Although Christmas and school summer holidays see a spike in dog attacks, on Postal workers, it’s important owners are observant as to a dog’s behaviour at all times and take action to maintain control both on their private property and in public.

By working together with dog owners, vets, CWU members, government, police, local authorities, animal charities  – dogs and postal workers can live and work in harmony.

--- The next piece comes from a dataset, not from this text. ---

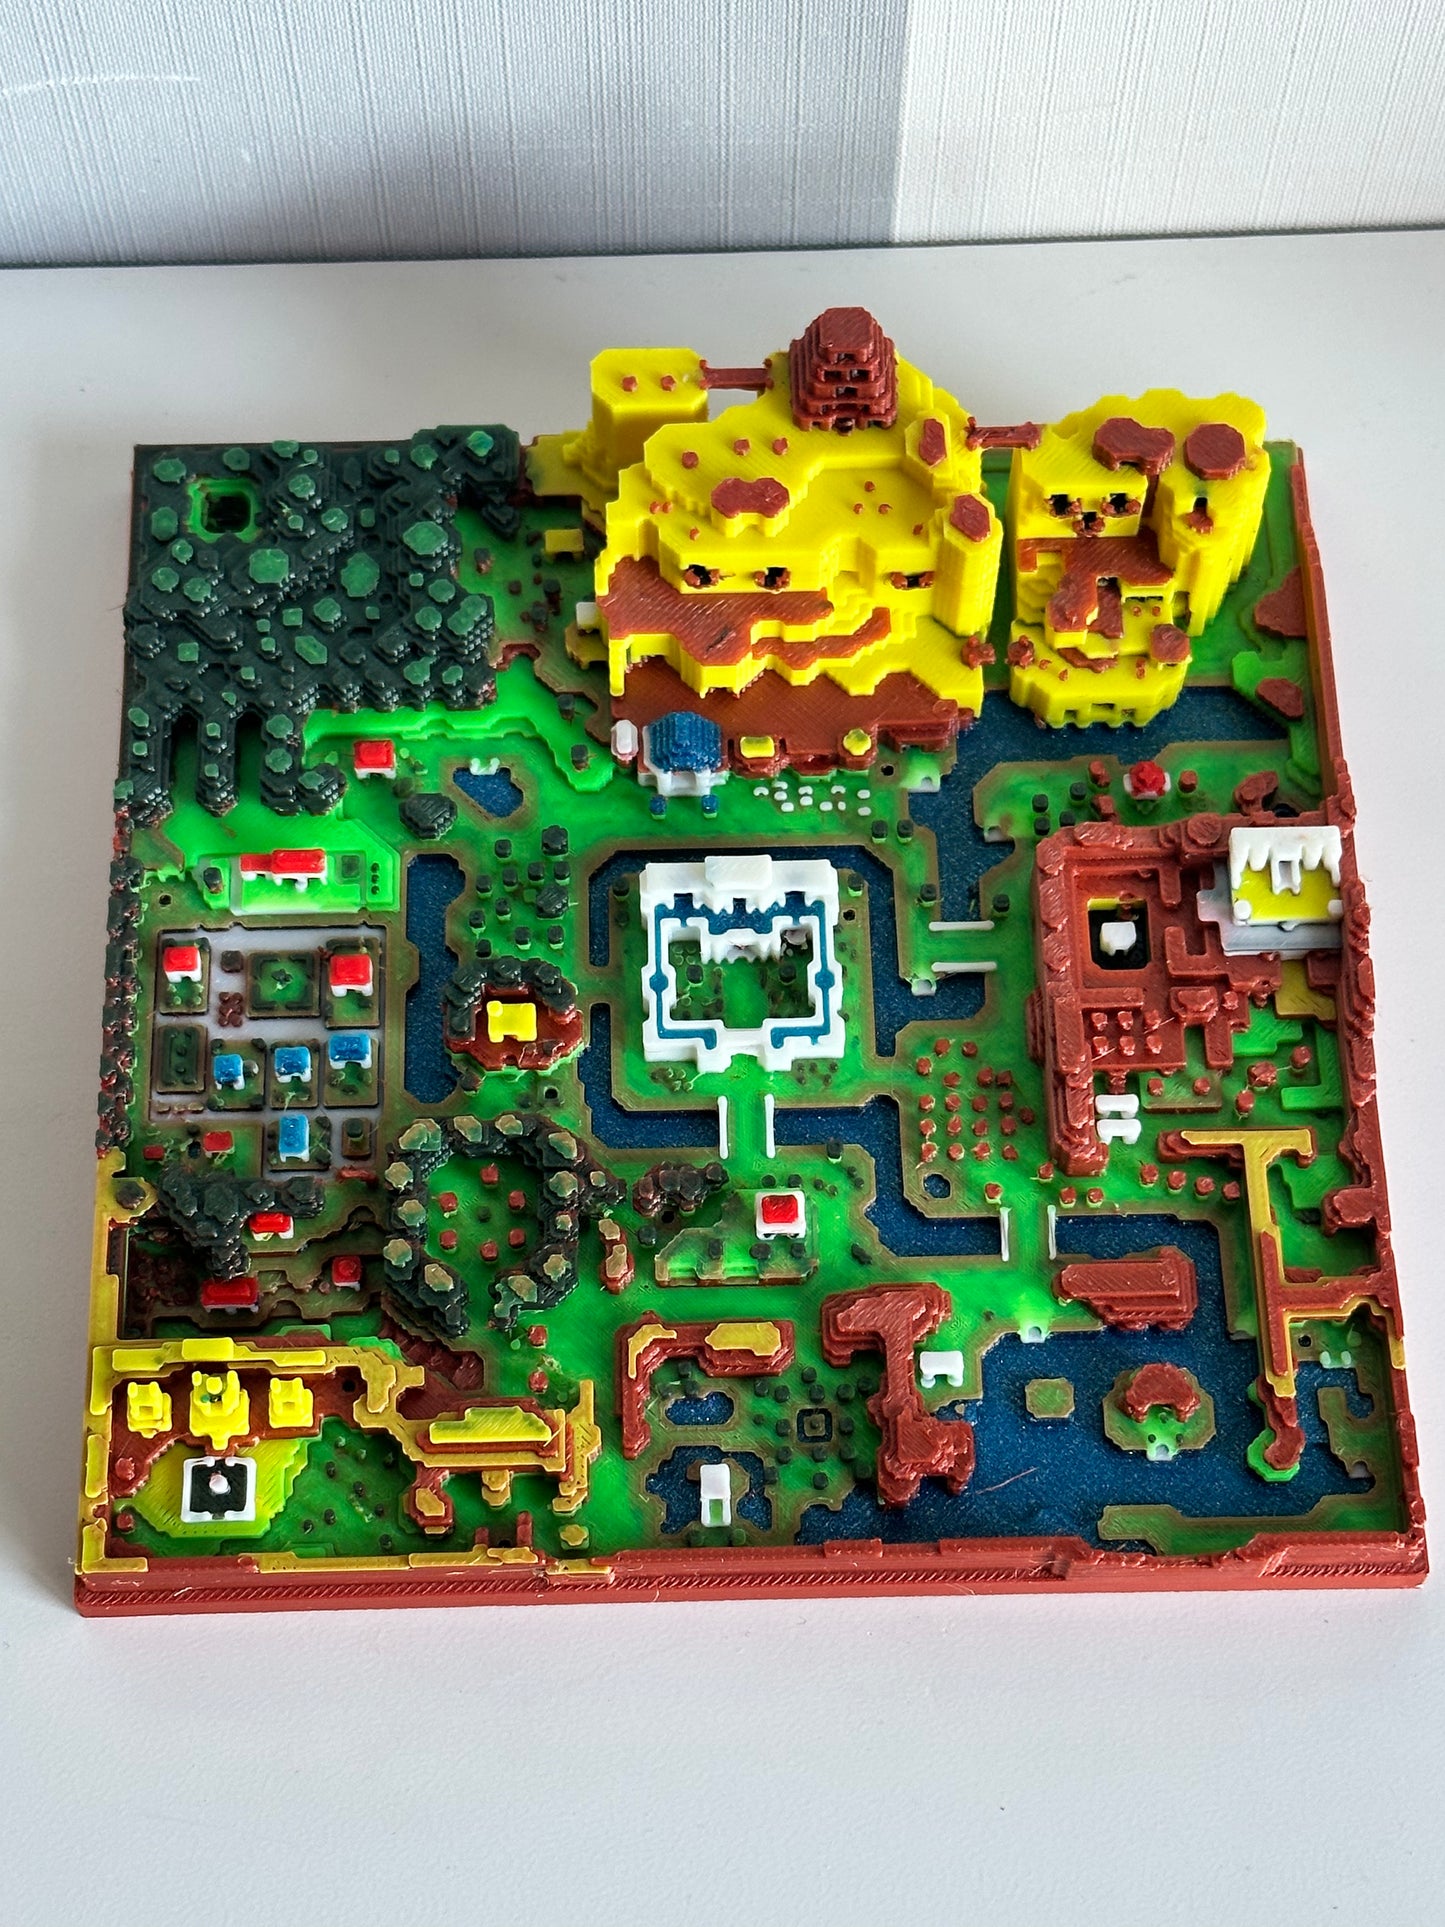 Mapa Zelda 3D

The 34 UK Dog Attack Deaths are made up of 18 Children and 16 Adults, occurring in the following years.

Year Deaths
1989 1
1990 0
1991 1
1992 0
1993 1
1994 0
1995 0
1996 0
1997 0
1998 0
1999 0
2000 0
2001 0
2002 0
2003 0
2004 0
2005 1
2006 1
2007 2
2008 1
2009 5
2010 2
2011 0
2012 3
2013 4
2014 6
2015 3
2016 3

 

UK Dog Attack Trends

Dog Attacks are up 76% in 10 years. Official figures for England show 7,227 admissions for dog attacks in past year, compared with 4,110 a decade ago, with under-10s most likely to be admitted.

Trends in Dog Attacks can be derived from details of Hospital admissions caused by being bitten or struck by a dog although this would be an underestimate as it does not include people who don’t go to hospital and are treated in GP Surgeries and Walk In Clinics etc. Dog Bites and the cost to the NHS/Tax Payer continue to rise in the UK despite the legislation. Long term we hope that the 2014 changes will start to reverse the trend if tougher enforcement is introduced and the Courts start using the full range of tougher penalties now available.

Cost to the UK of Dog Attacks and Bad Dog Owners

The RSPCA estimate that the cost of irresponsible dog ownership in the UK is £80.5 Million (2014). See attached RSPCA paper.

The recent two deaths have re-ignited the debate over whether enough is being done to tackle irresponsible owners and to protect the public. The CWU Health Safety & Environment Department will continue to strongly voice the Union’s view to the legislators and enforcers on the above.